[TASK DIRECTIONS] Give the data again exactly, without images.

[THE DATA]
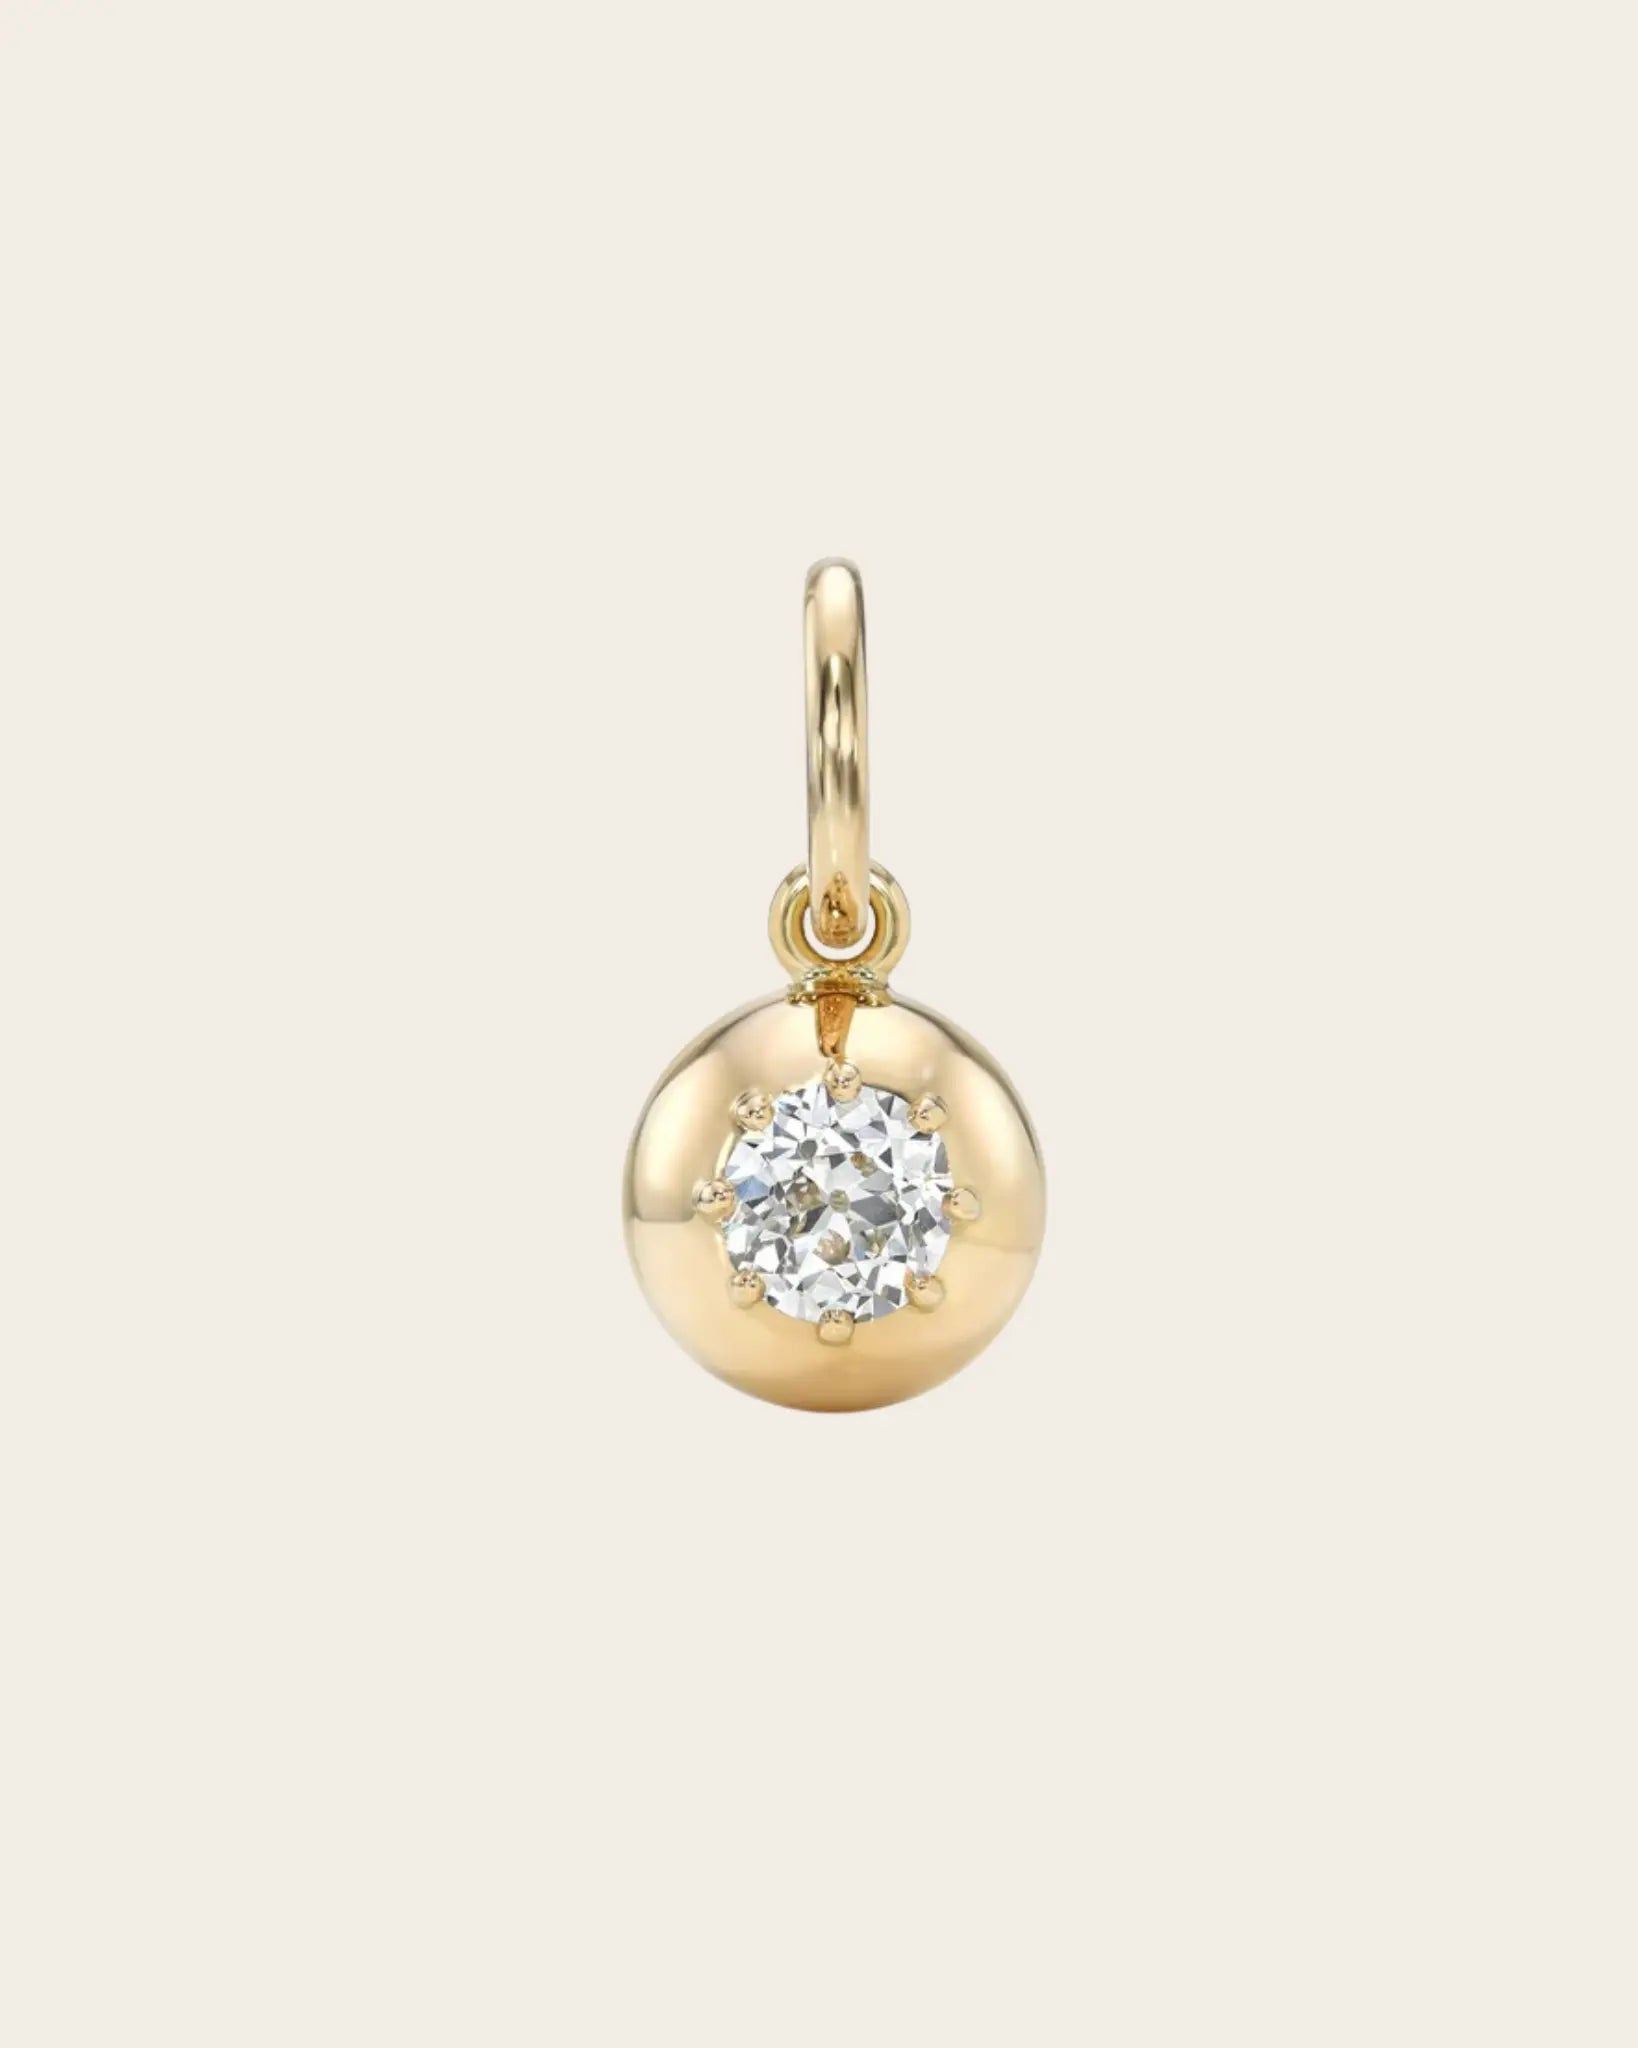 A gold and diamond pendant by Single Stone
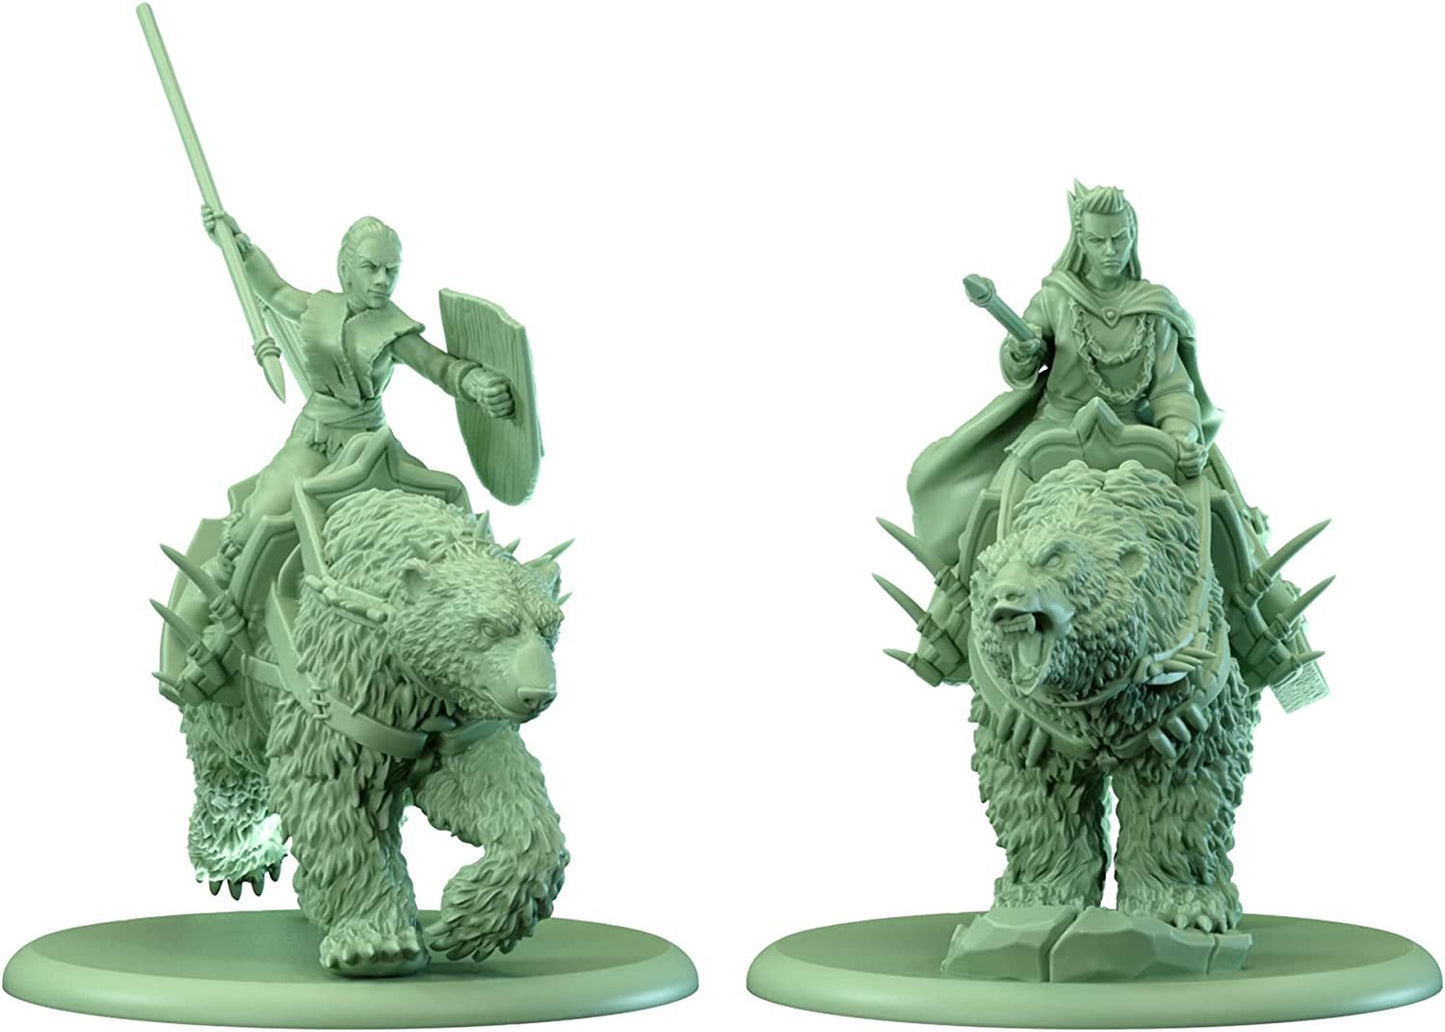 A Song of Ice and Fire - Free Folk: Frozen Shore Bear Riders
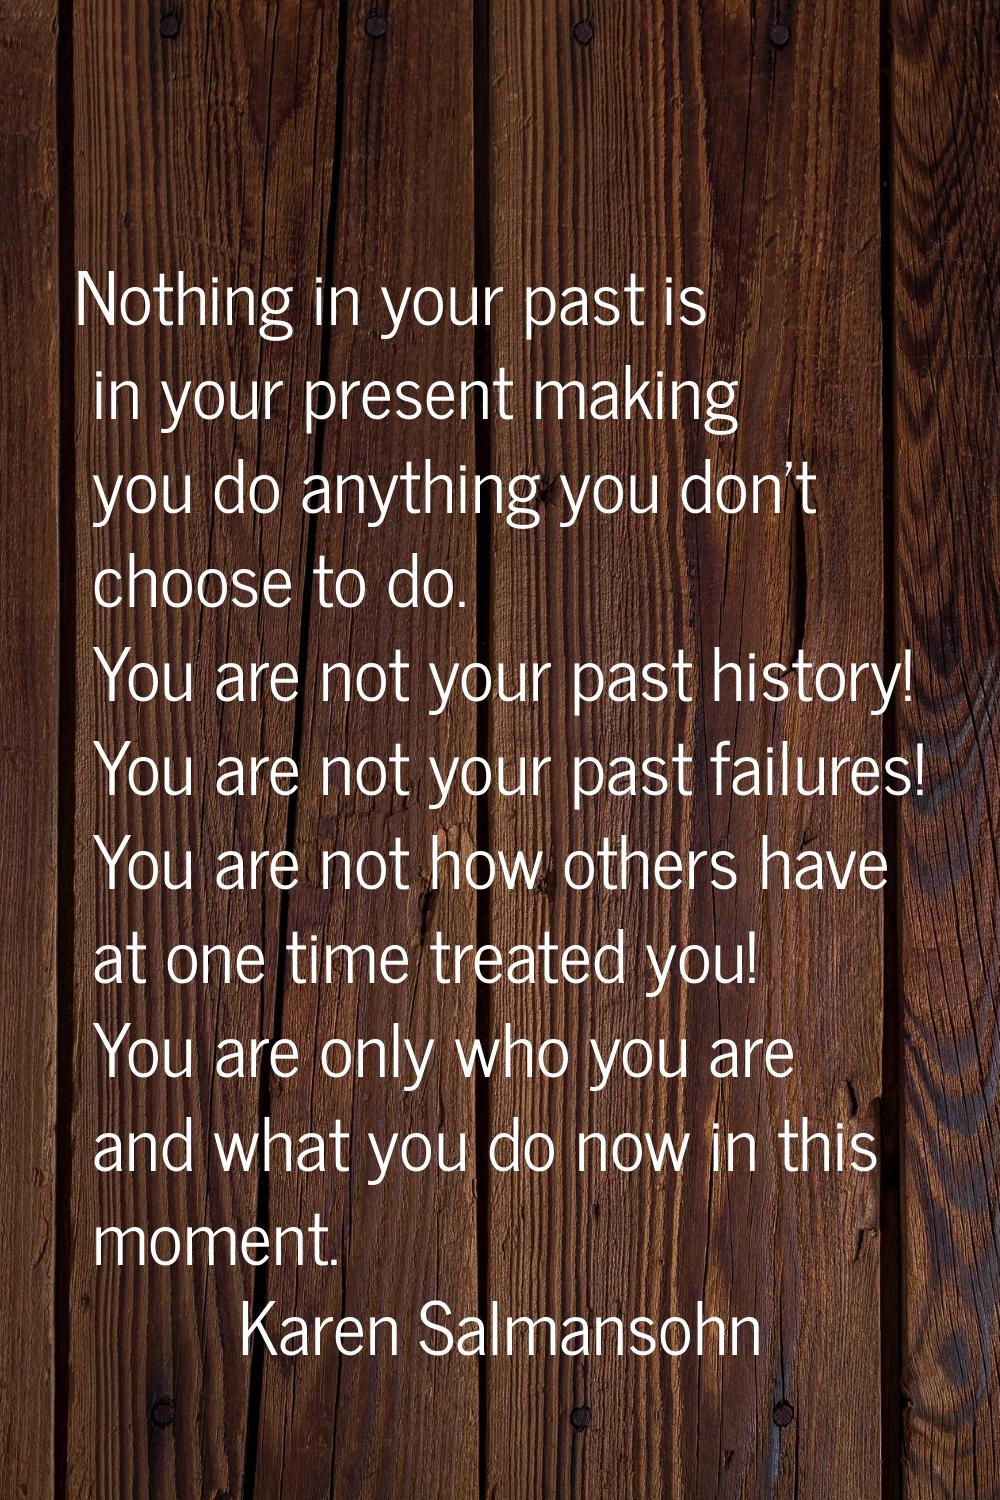 Nothing in your past is in your present making you do anything you don't choose to do. You are not 
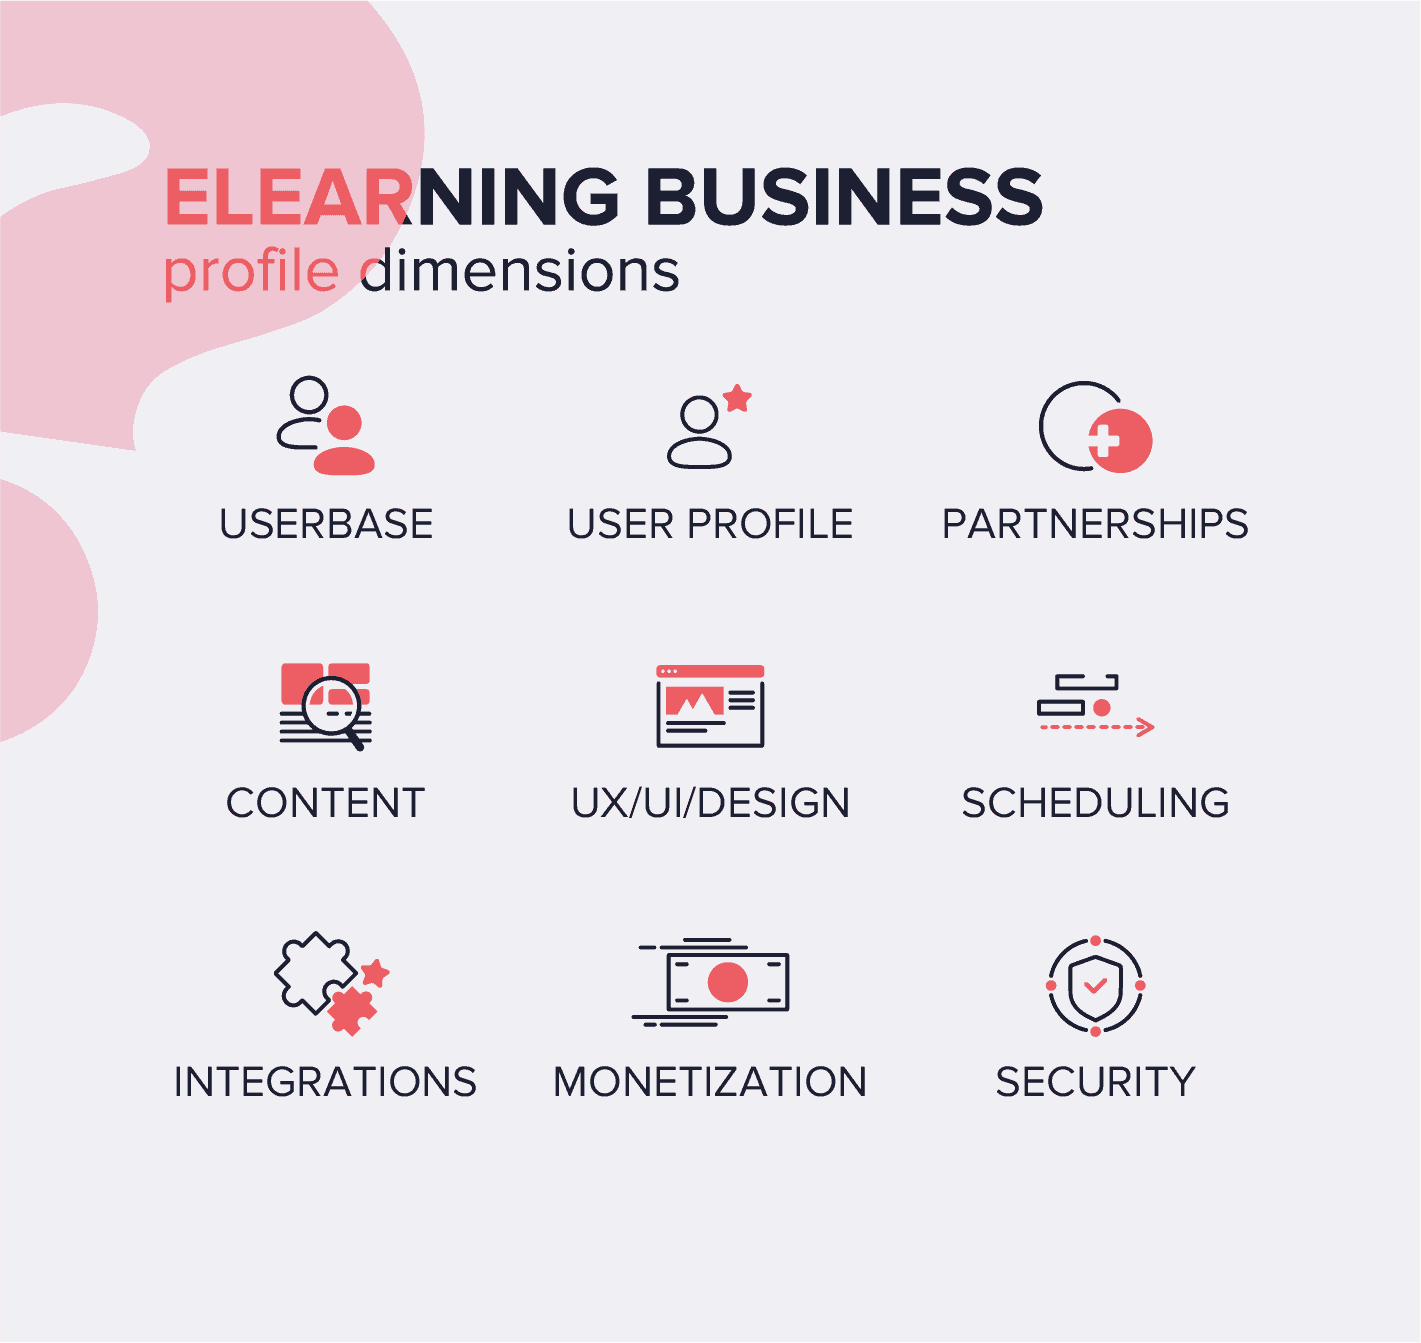 eLearning business profile dimensions

[WRITTEN SOLUTION]
 A gold and diamond pendant by Single Stone
 A Song of Ice and Fire - Free Folk: Frozen Shore Bear Riders
 Nothing in your past is in your present making you do anything you don't choose to do. You are not 
 eLearning business profile dimensions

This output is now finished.